> _Prompt_
Retype only the lines below from the one with "Batman Joker Mask" to the one with "Engelbrechts kevi 2070", inclusive, skipping every image.

> _Exercise material_
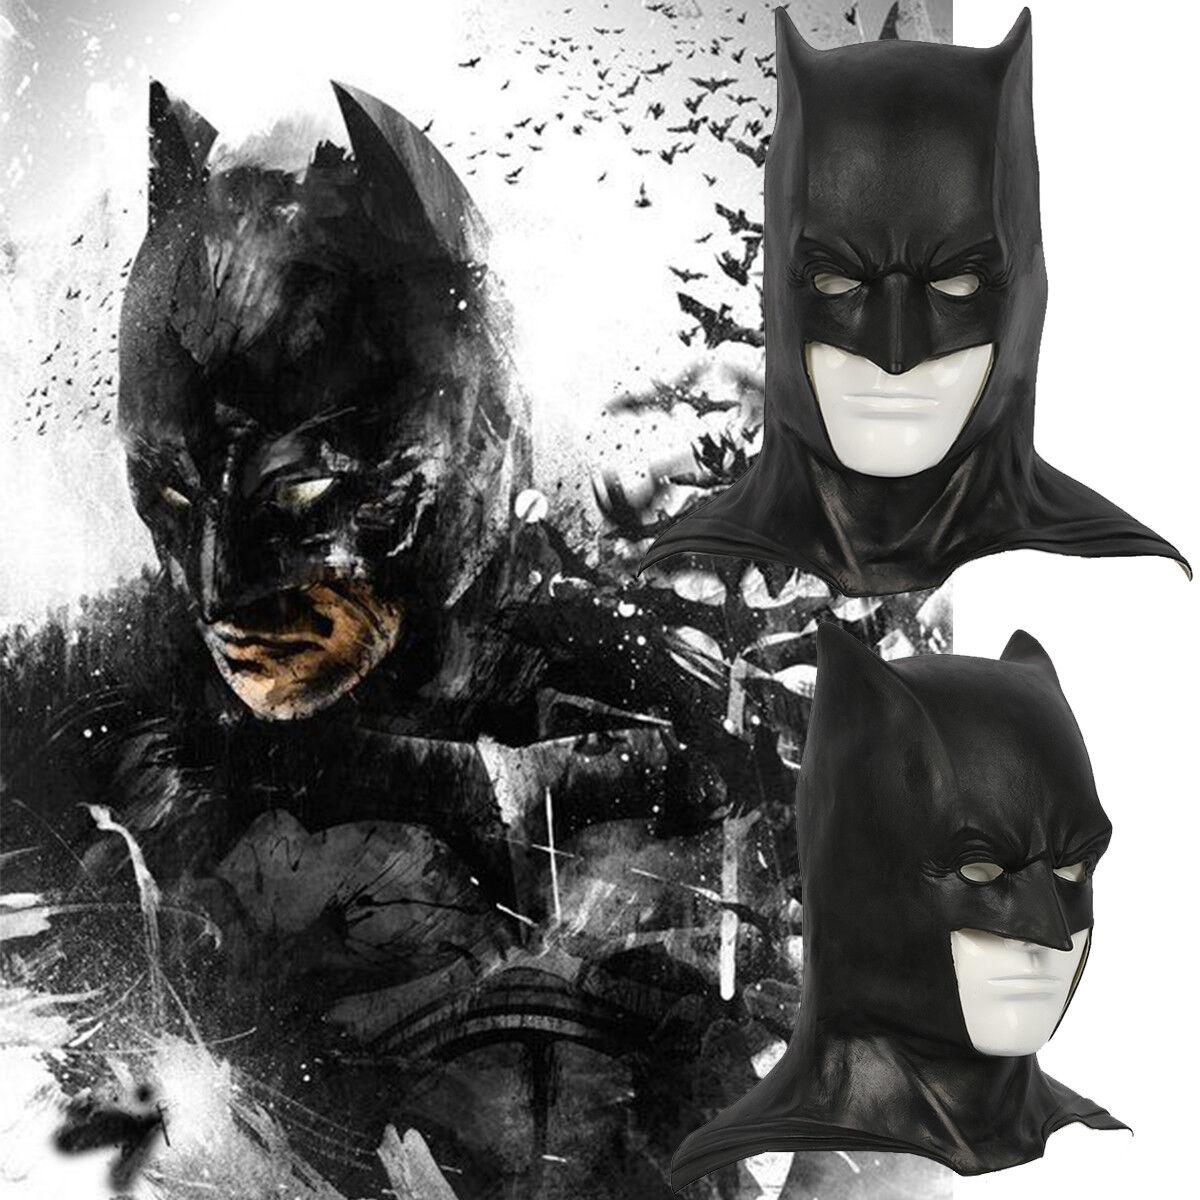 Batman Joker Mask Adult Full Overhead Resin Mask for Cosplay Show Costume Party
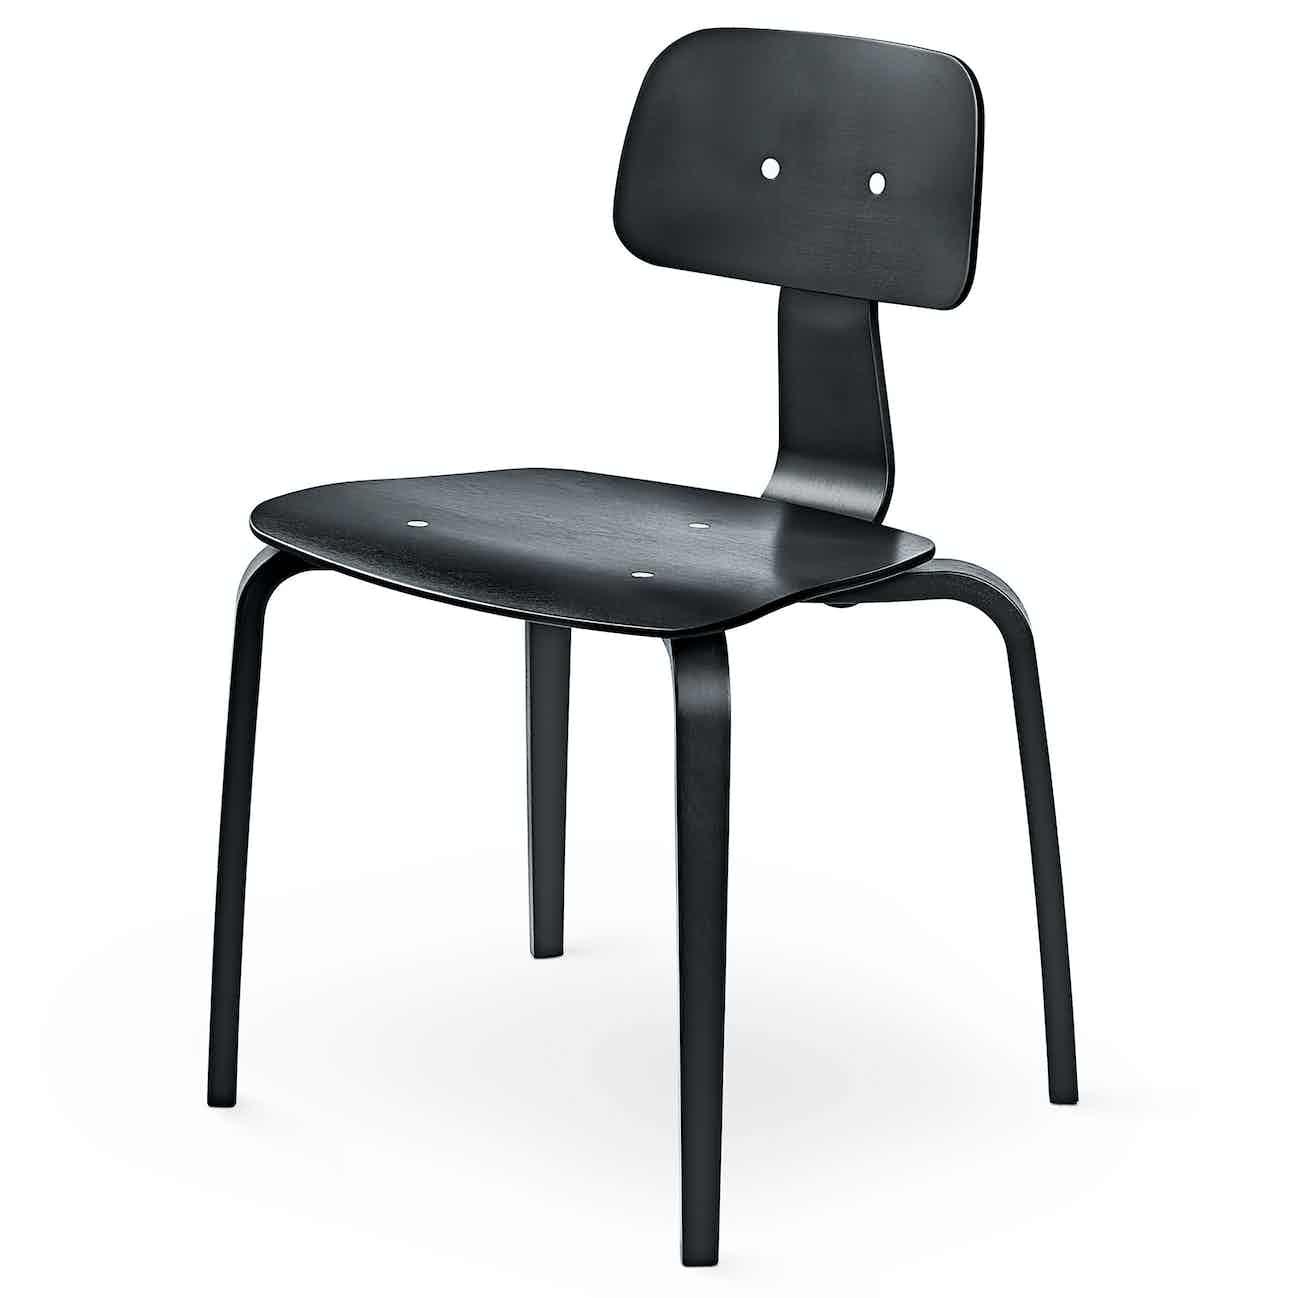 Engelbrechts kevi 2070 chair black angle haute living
---
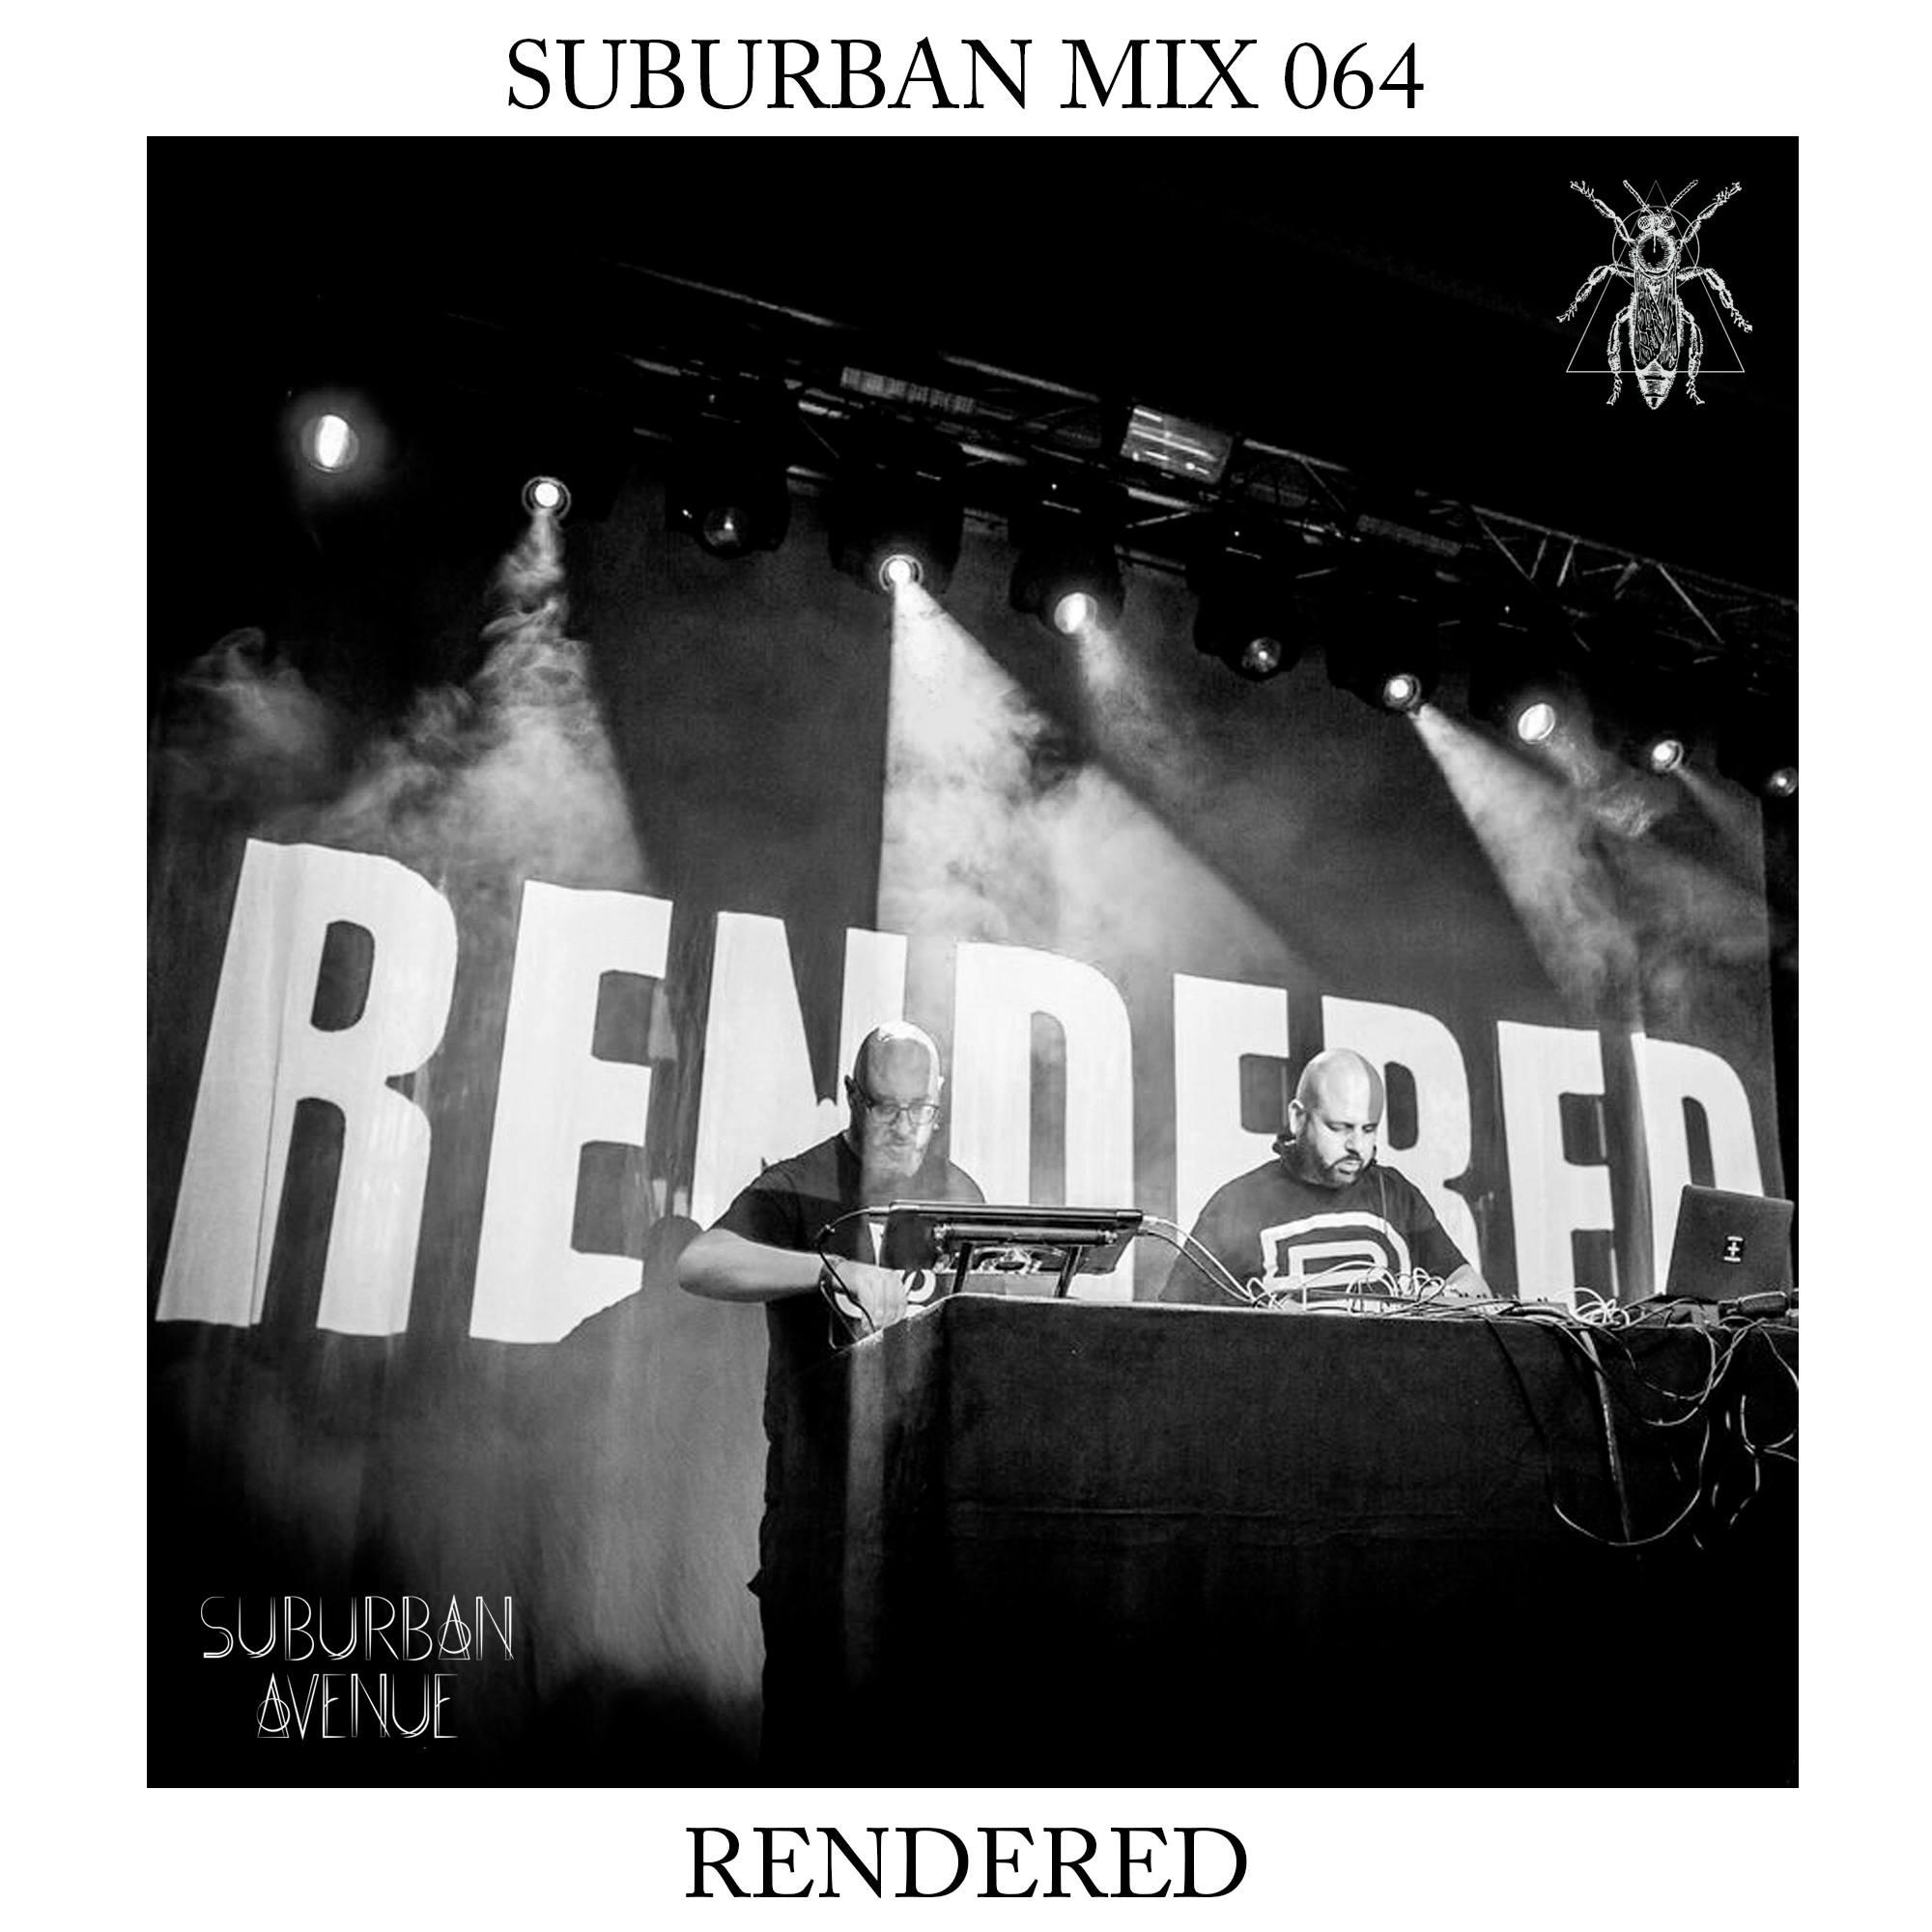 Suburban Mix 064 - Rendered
...
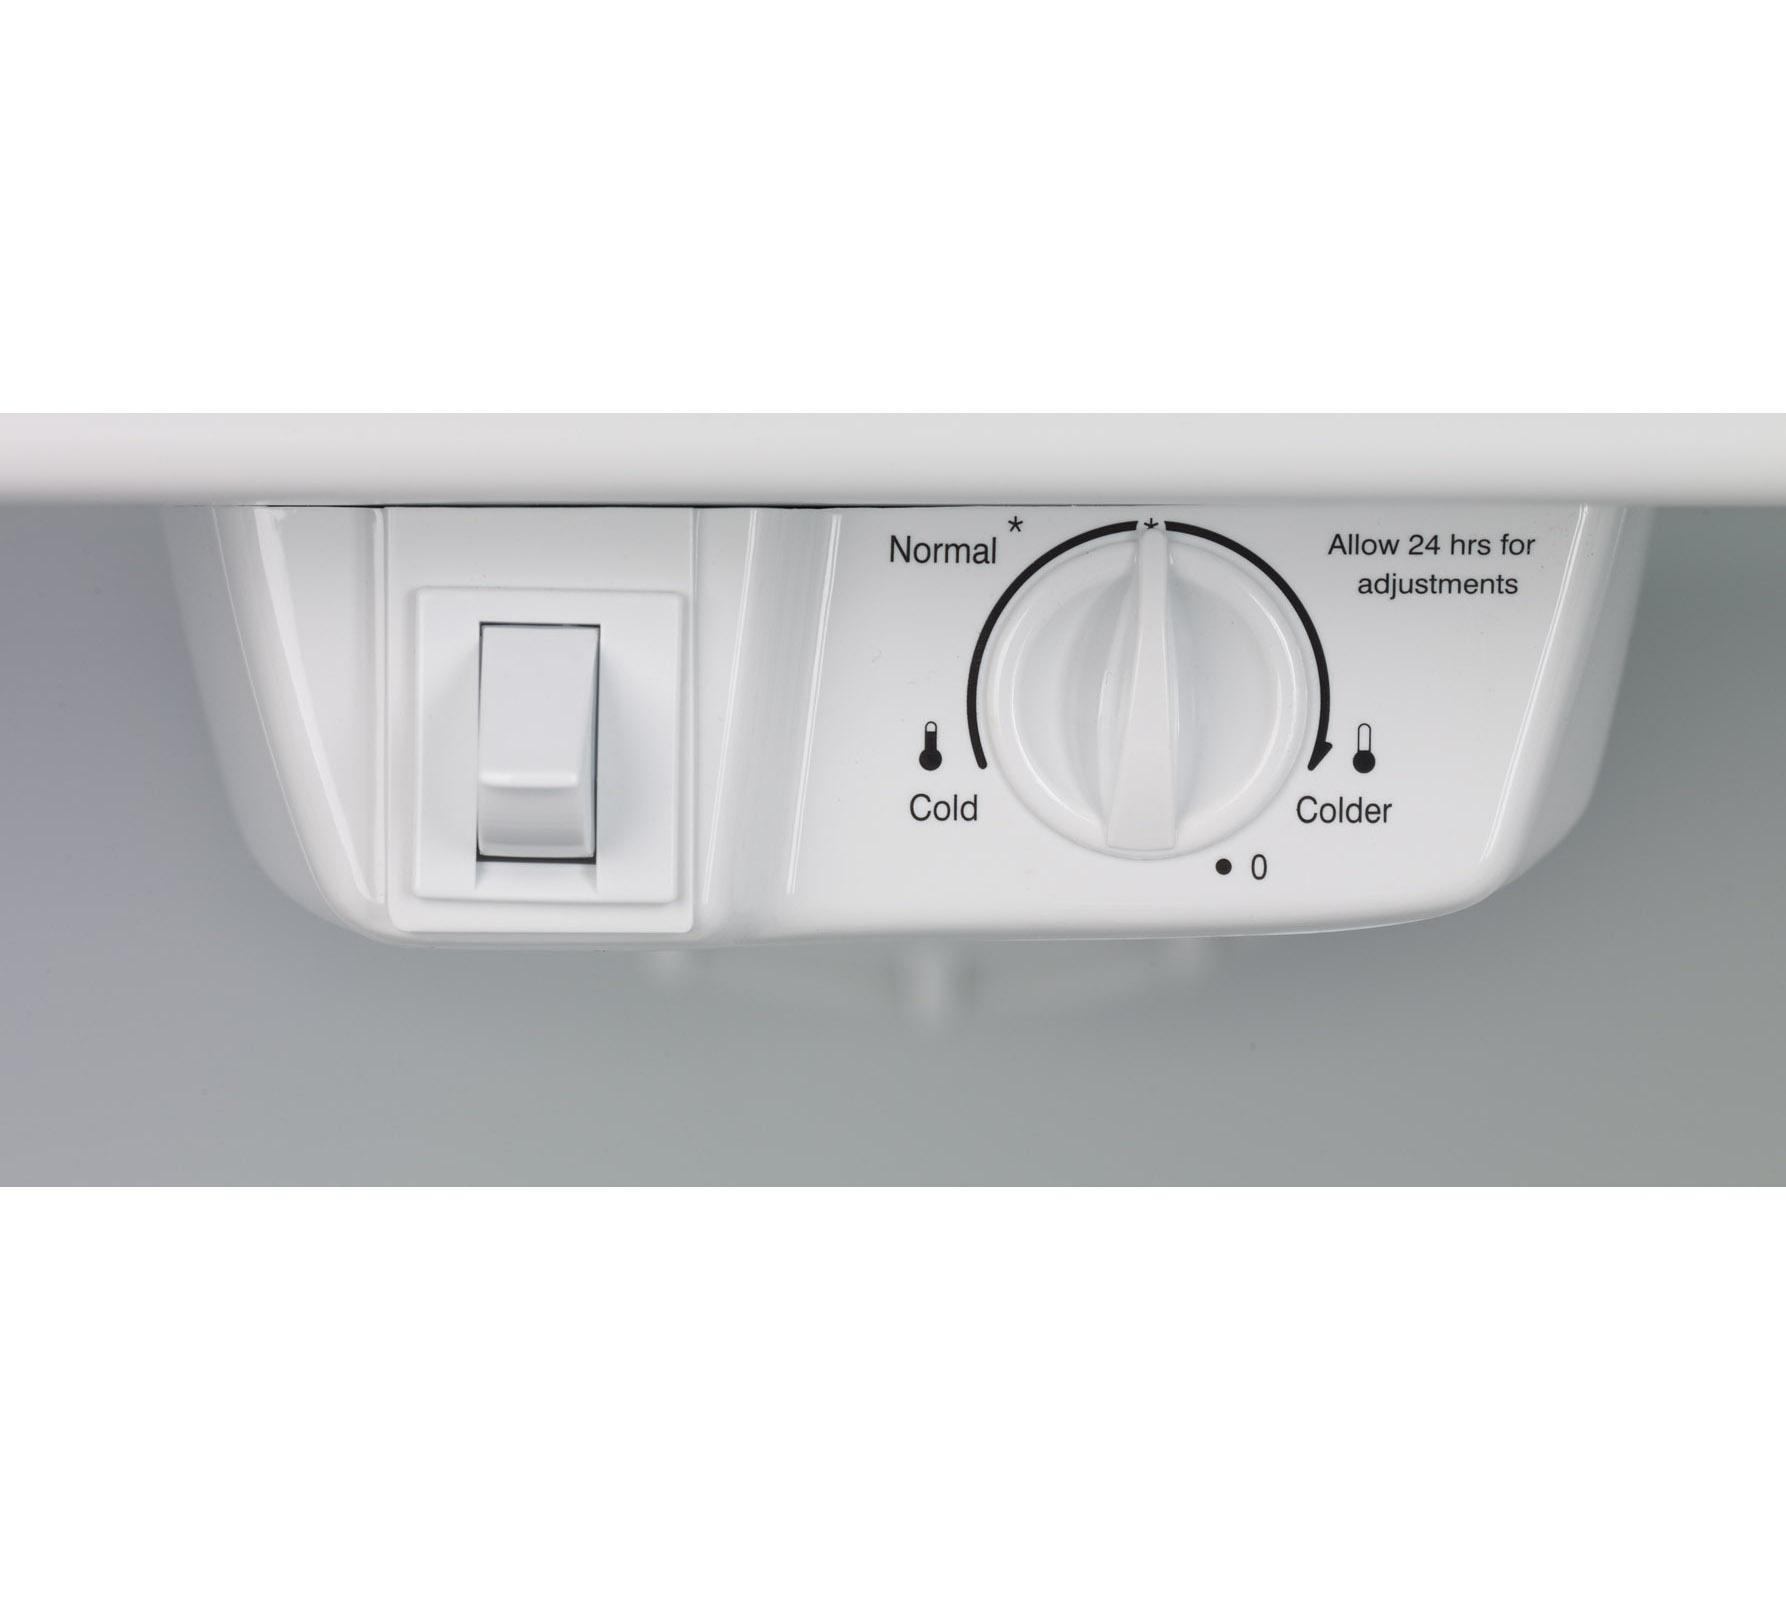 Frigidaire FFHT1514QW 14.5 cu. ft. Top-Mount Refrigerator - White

> _Exercise solution_
 Batman Joker Mask Adult Full Overhead Resin Mask for Cosplay Show Costume Party
 Engelbrechts kevi 2070 chair black angle haute living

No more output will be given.